#### [Task input]

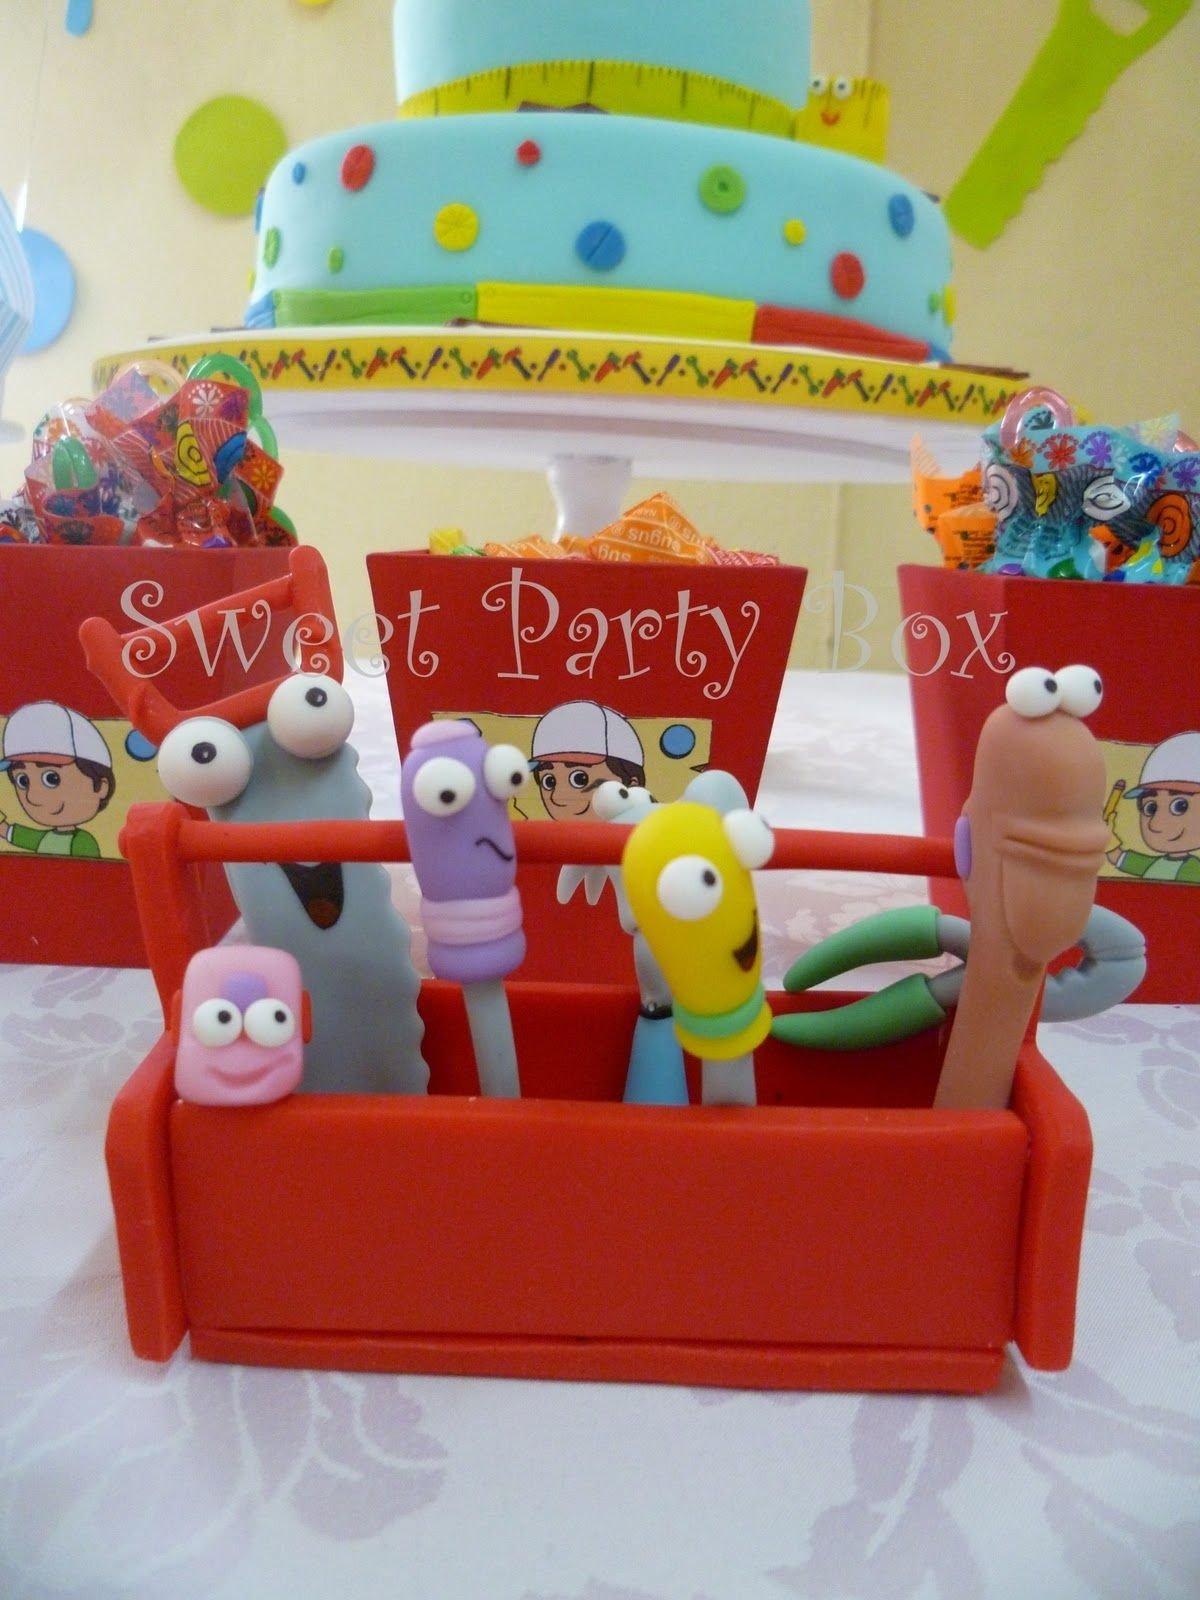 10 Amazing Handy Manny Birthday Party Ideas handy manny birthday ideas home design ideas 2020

==

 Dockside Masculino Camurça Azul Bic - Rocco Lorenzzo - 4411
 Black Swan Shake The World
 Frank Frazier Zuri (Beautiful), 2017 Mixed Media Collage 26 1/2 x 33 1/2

#### [Task to complete]
Look above for the line holding "Black Swan Shake The World" and the line holding "Frank Frazier Zuri". Retype both, and every line between them, word for word and nothing else.

#### [Task answer]
 Black Swan Shake The World
 Frank Frazier Zuri (Beautiful), 2017 Mixed Media Collage 26 1/2 x 33 1/2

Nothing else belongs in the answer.